Return each line of the listing below, unchanged, and omit the images.
** Opening PROVIDED DATA block **
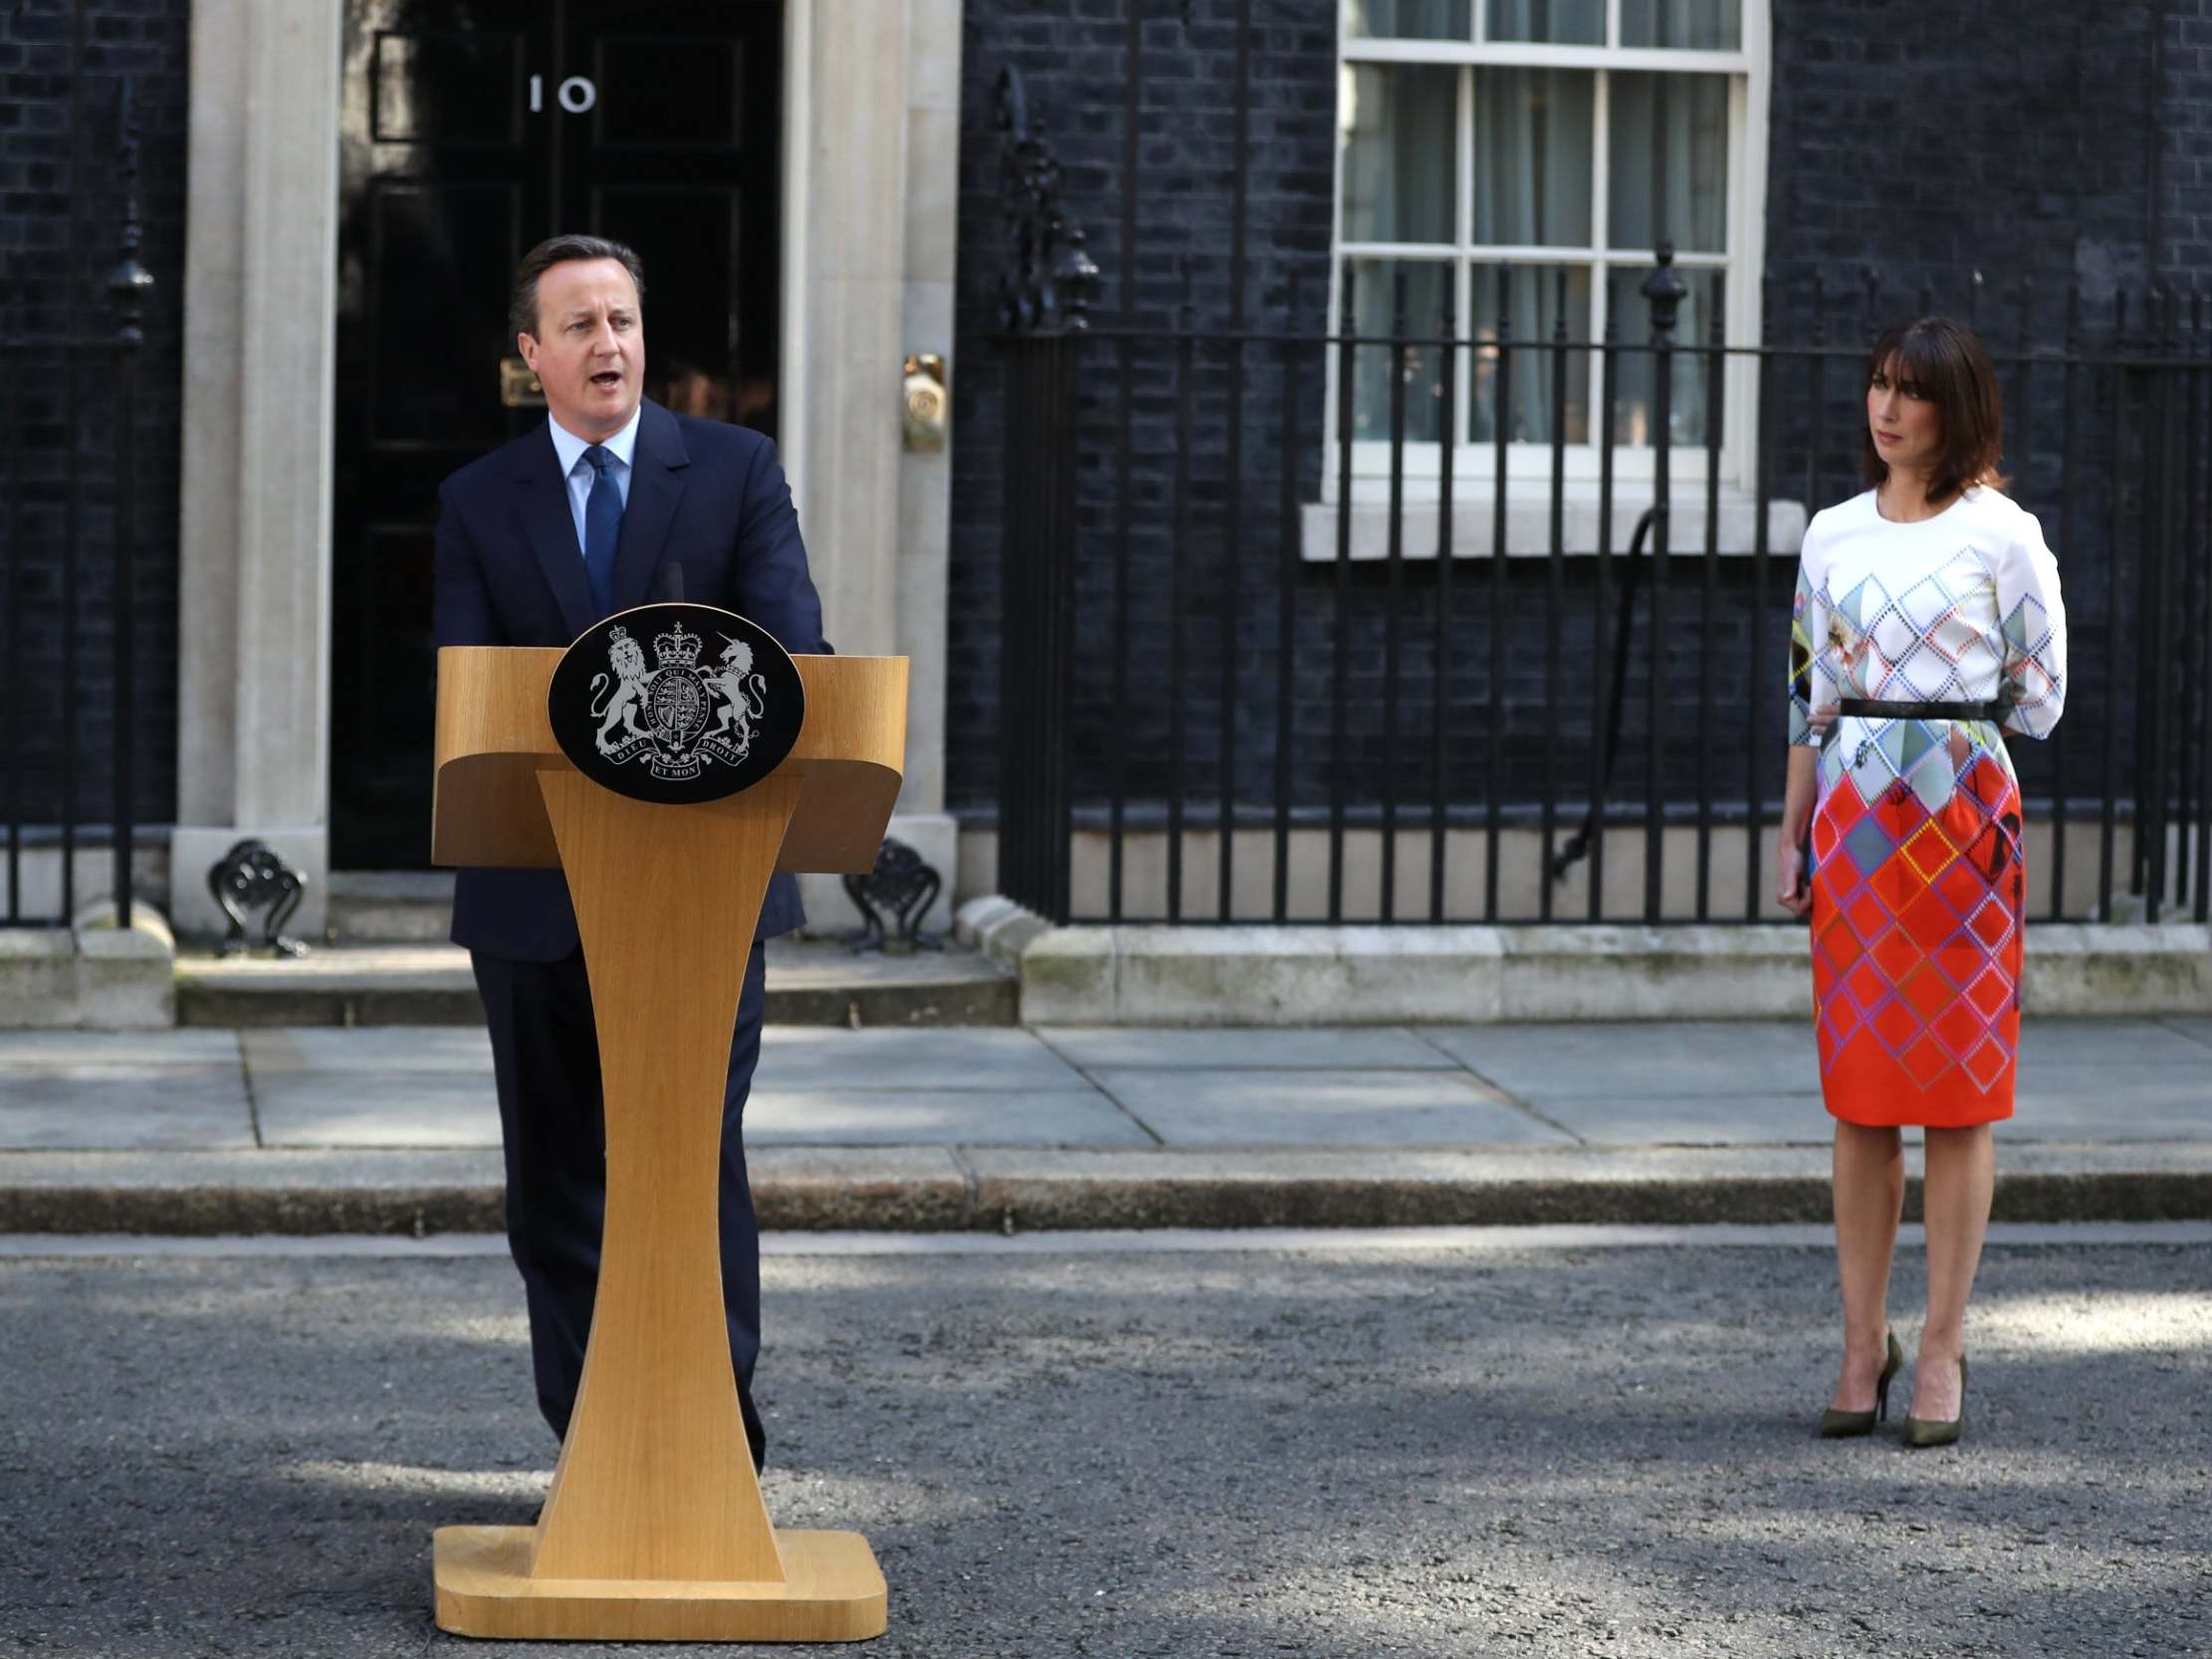 Cameron resigns on the steps of 10 Downing Street in 2016
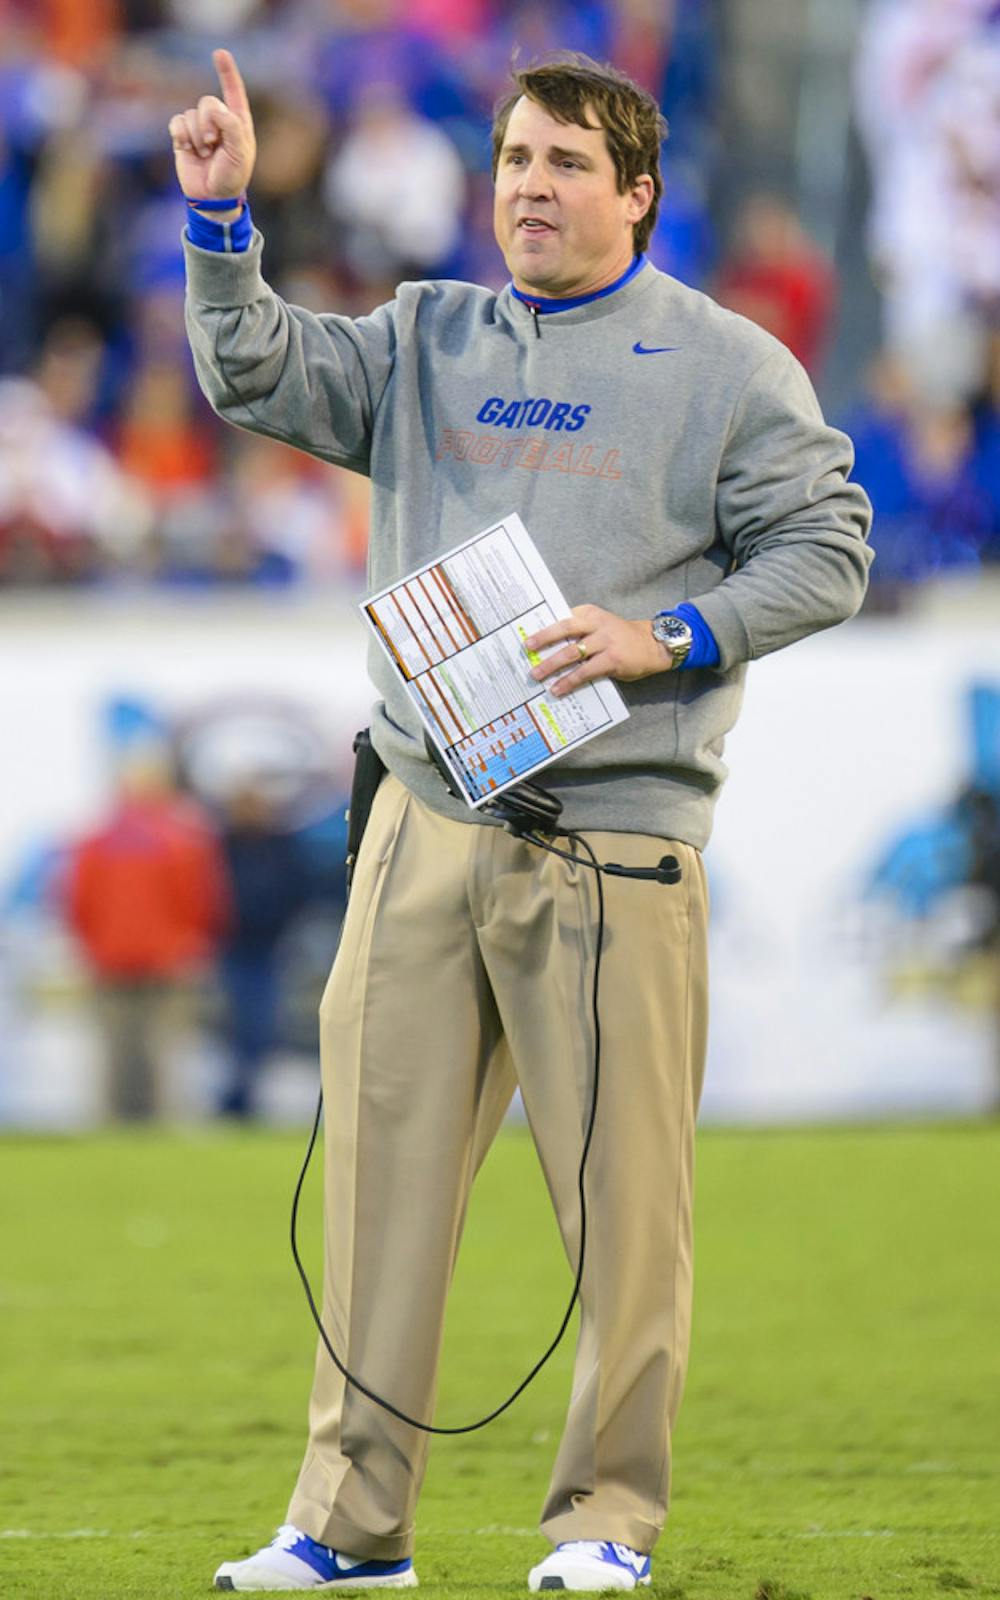 <p>Will Muschamp signals during UF's 38-20 win against UGA on Nov. 1 at EverBank Field in Jacksonville.</p>
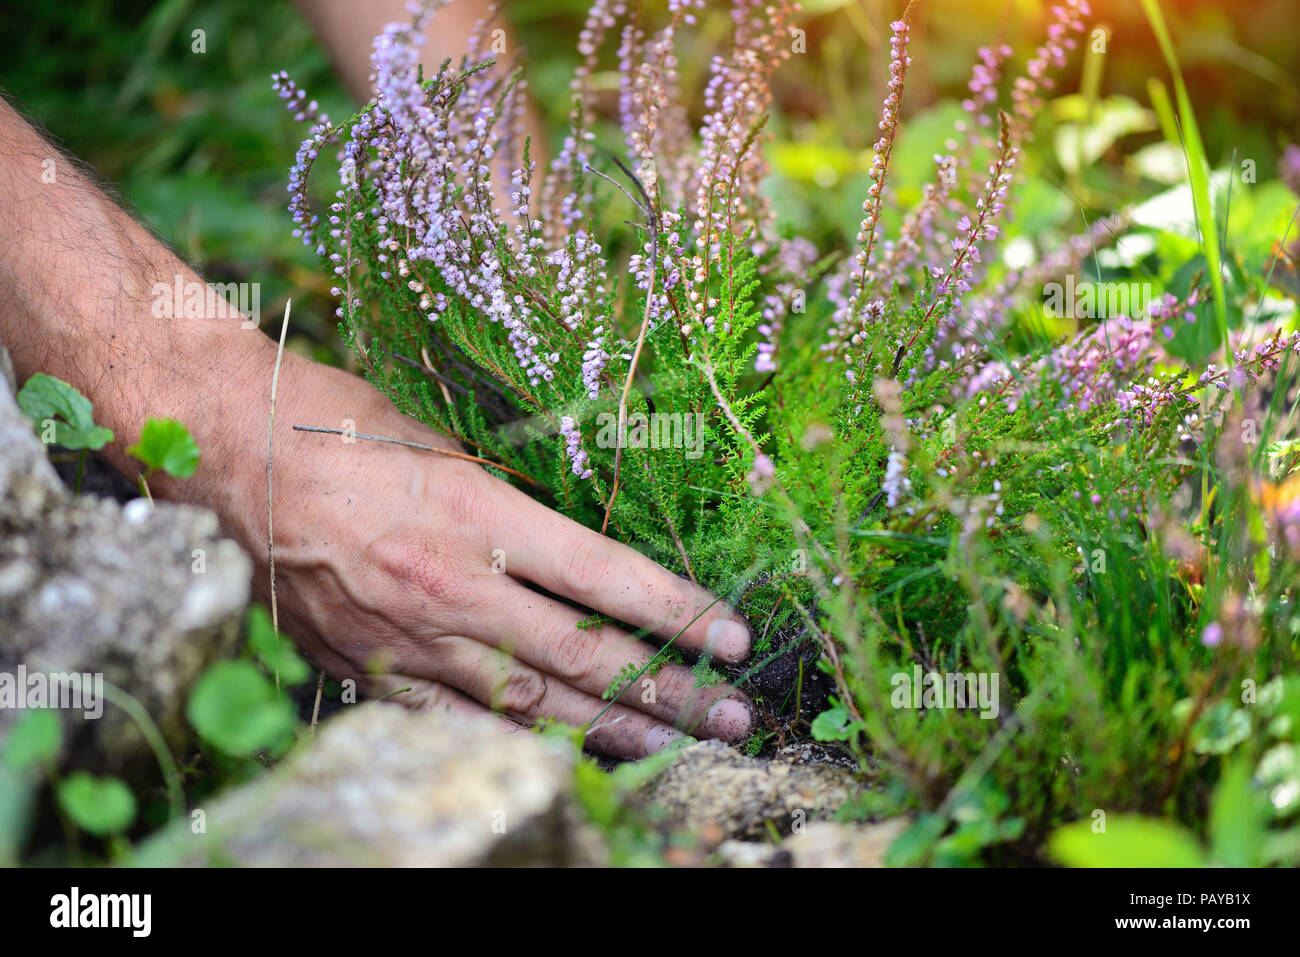 Hands holding blossoming heather (Calluna vulgaris). Planting flowers in the ground. Stock Photo
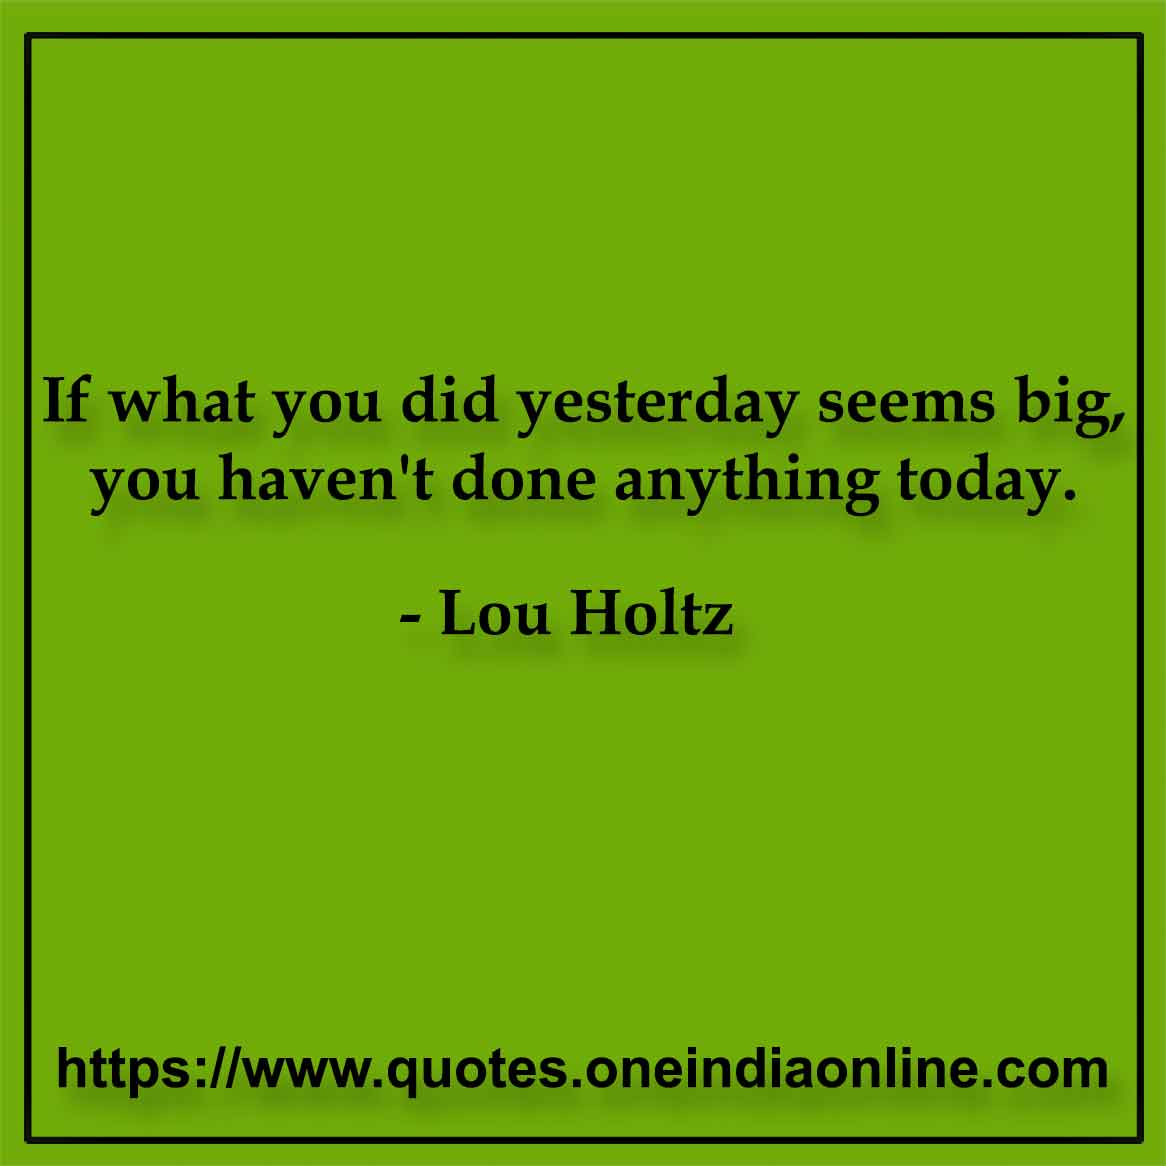 If what you did yesterday seems big, you haven't done anything today. Lou Holtz
** Closing PROVIDED DATA block **
__SOLUTION__
 Cameron resigns on the steps of 10 Downing Street in 2016
 <p>Will Muschamp signals during UF's 38-20 win against UGA on Nov. 1 at EverBank Field in Jacksonville.</p>
 Hands holding blossoming heather (Calluna vulgaris). Planting flowers in the ground. Stock Photo
 If what you did yesterday seems big, you haven't done anything today. Lou Holtz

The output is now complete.